The huge advantage of refactoring code in this way is that the session functionality can now easily be added to any WSGI application using our session function. By chaining together these middleware components (which do not even have to be based on the Web Modules) WSGI applications can gain an enormous amount of functionality for very little programming effort by using existing middleware components. This helps make code easy to maintain and offers a very flexible programming methodology. 




As we learned in the introduction, WSGI middleware components can be chained together since each middleware, application pair is also a valid WSGI application.

In the example given, the Session class changes the environ dictionary to provide the application with more functionality. It could also have been chained with an Auth middleware component to provide auth functionality as shown below::

    def exampleApplication(environ, start_response):
        if not environ.has_key('imaginaryAuth'):
            raise Exception{'No auth module found')
        if environ['superSession'].has_key('visited'):
            text = "You have already visited!"
        else:
            environ['superSession']['visited'] = 1
            text = "This is your first visit."
        start_response('200 OK', [('Content-type','text/plain')])
        return [text]
        
    class Session:
        def __init__(self, application):
            self.application = application

        def __call__(self, environ, start_response):
            if "superSession" not in environ:
                import superSession
                environ["superSession"] = superSession.session()
            return self.application(environ, start_response)
            
    class Auth:
        def __init__(self, application):
            self.application = application

        def __call__(self, environ, start_response):
            if "imaginaryAuth" not in environ:
                import imaginaryAuth
                environ["imaginaryAuth"] = imaginaryAuth.auth()
            return self.application(environ, start_response)
        
    application = Auth(Session(exampleApplication))
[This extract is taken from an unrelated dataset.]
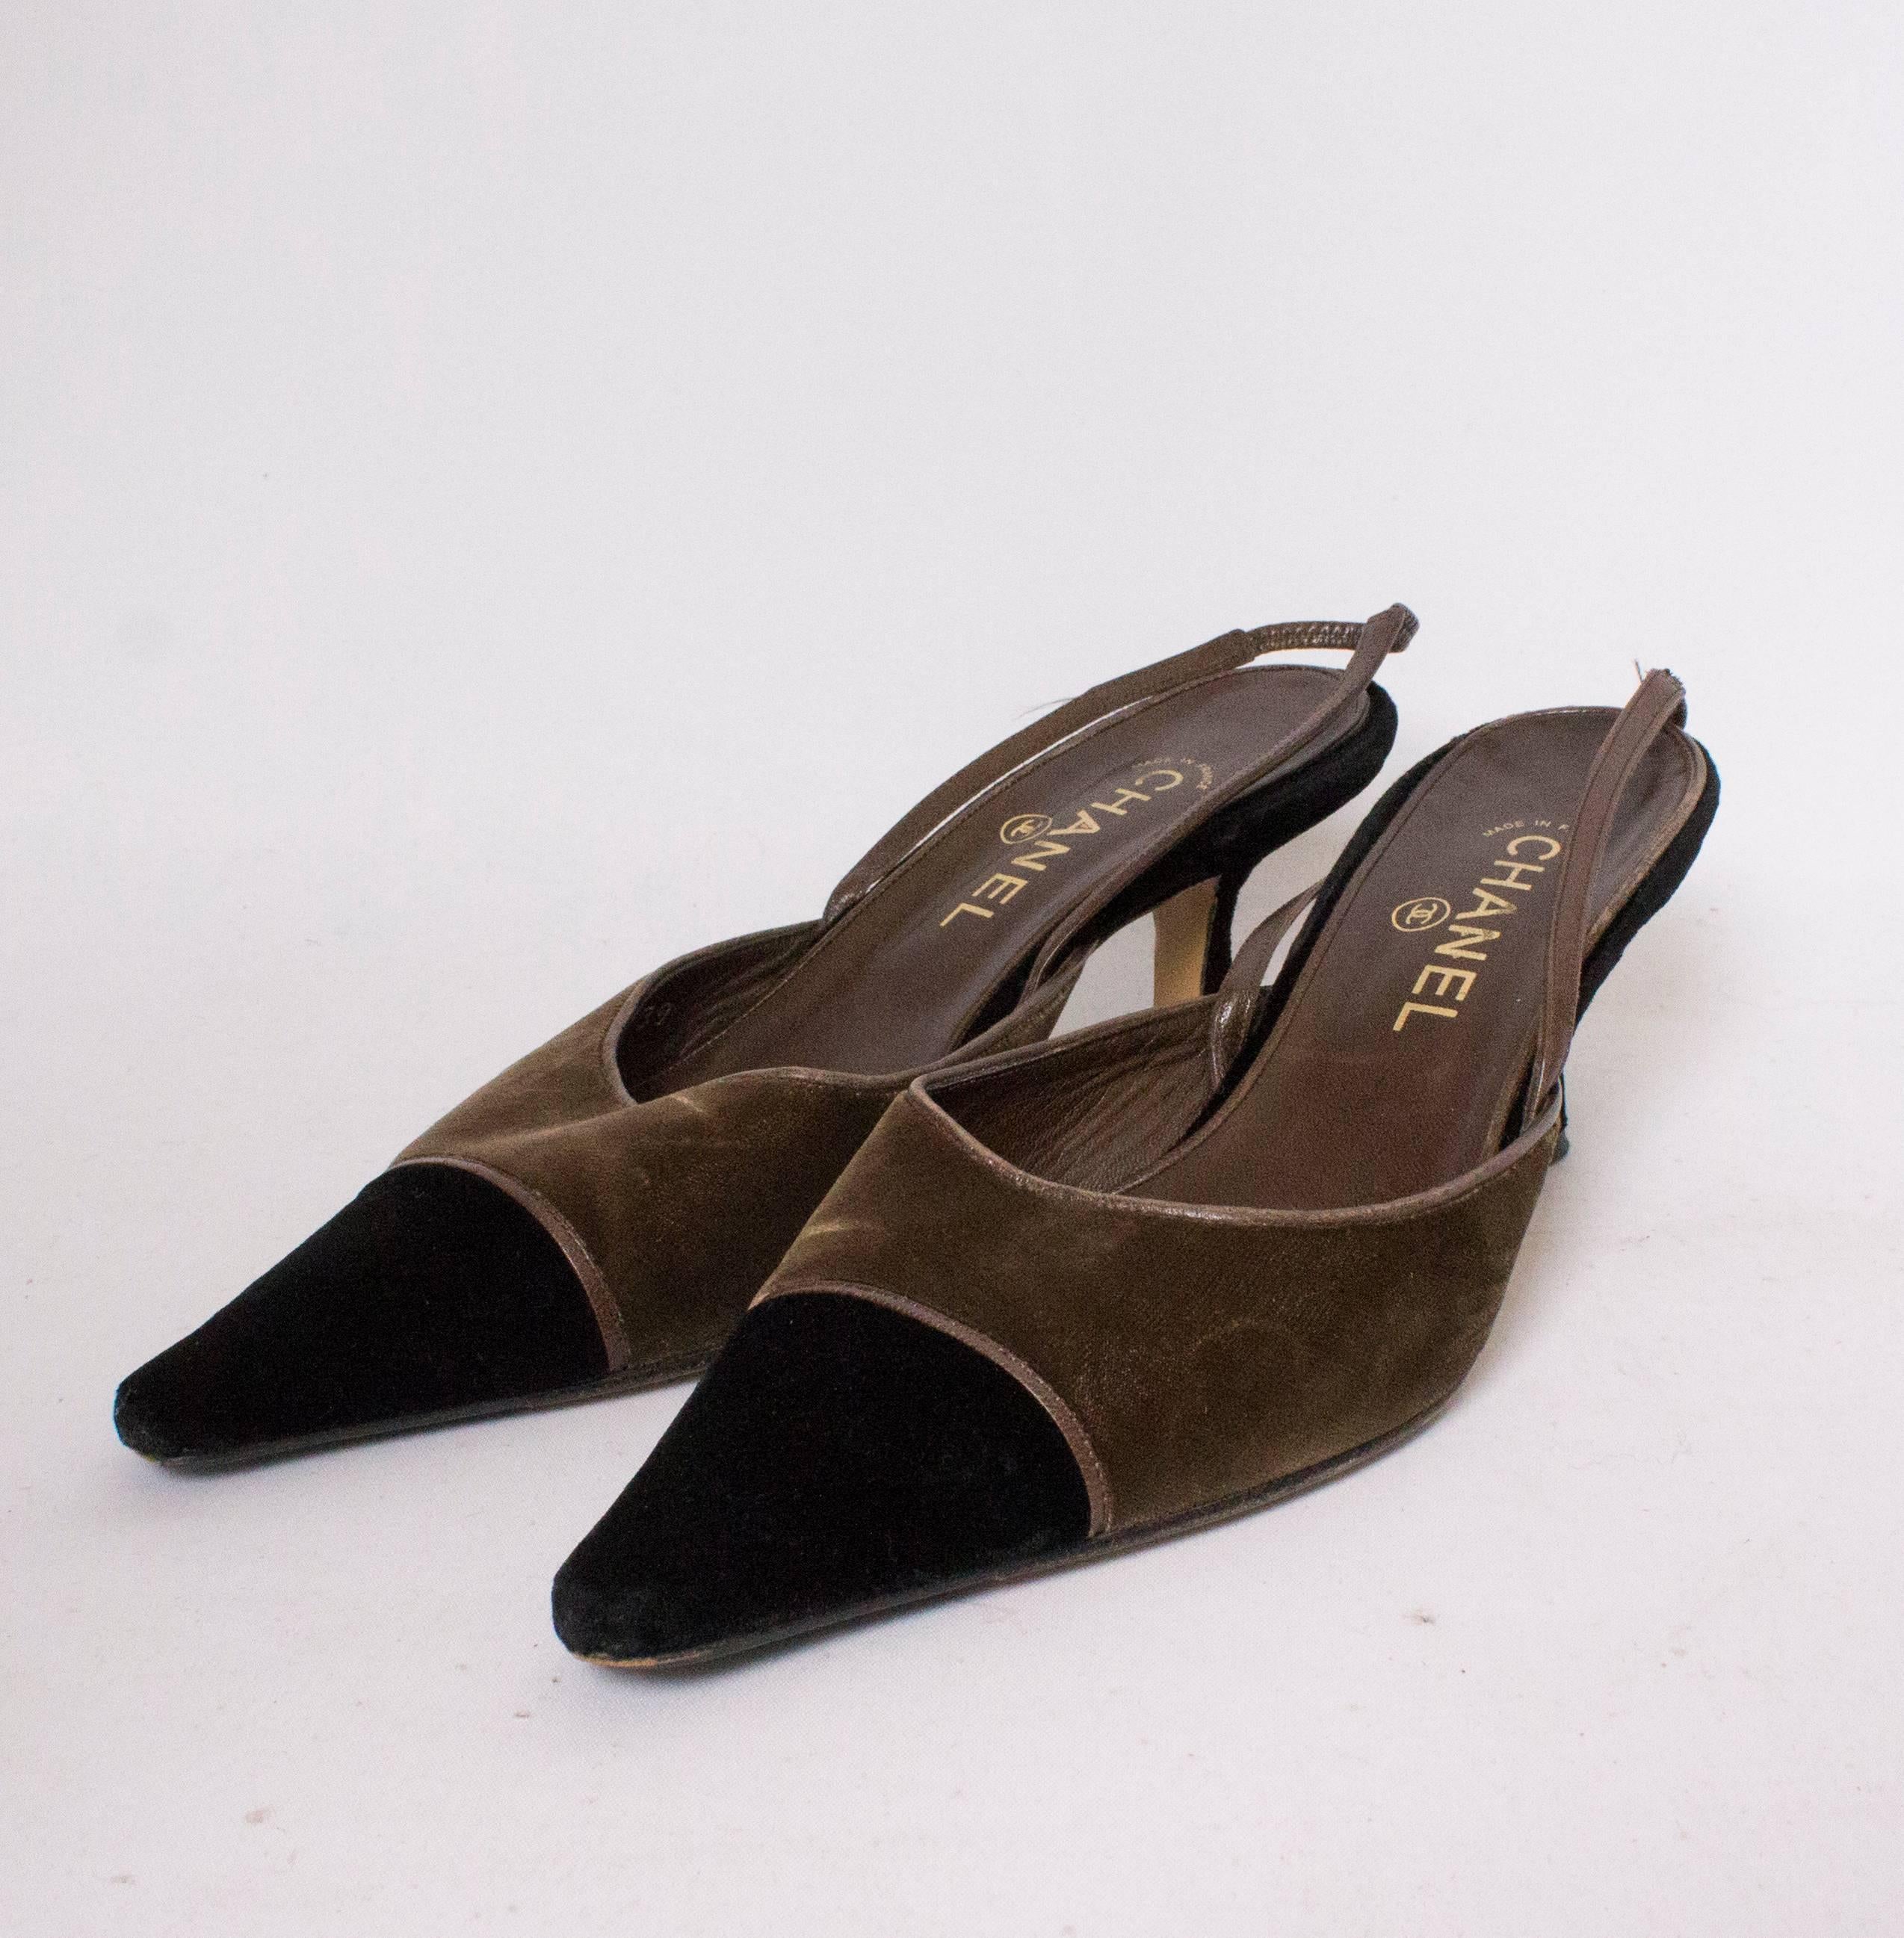 A chic pair of shoes by Chanel . In contrasting colours, of coffe and black velvet. The shoes are sling back with a kittehn heel.
Size Chanel size 39./UK 6 /6 1/2

Middleware classes usually do one of four things or a combination of them:

    * Change the environ dictionary
    * Change the application's status
    * Change the HTTP headers
    * Change the return value of the application

The most common use is to alter the environ dictionary in order to provide more functionality but here are some other ways in which they can be used.

Error Handling
    Error handling middleware might catch an error raised, format it for display as HTML, change any HTTP headers and status set and return the correct settings for an error page. 
    
User Sign In
    User sign in middleware might wait for a '403 Forbidden' status and instead display a sign in page, setting a new status of '200 OK', new headers and of course a different result containg the HTML of the sign in page.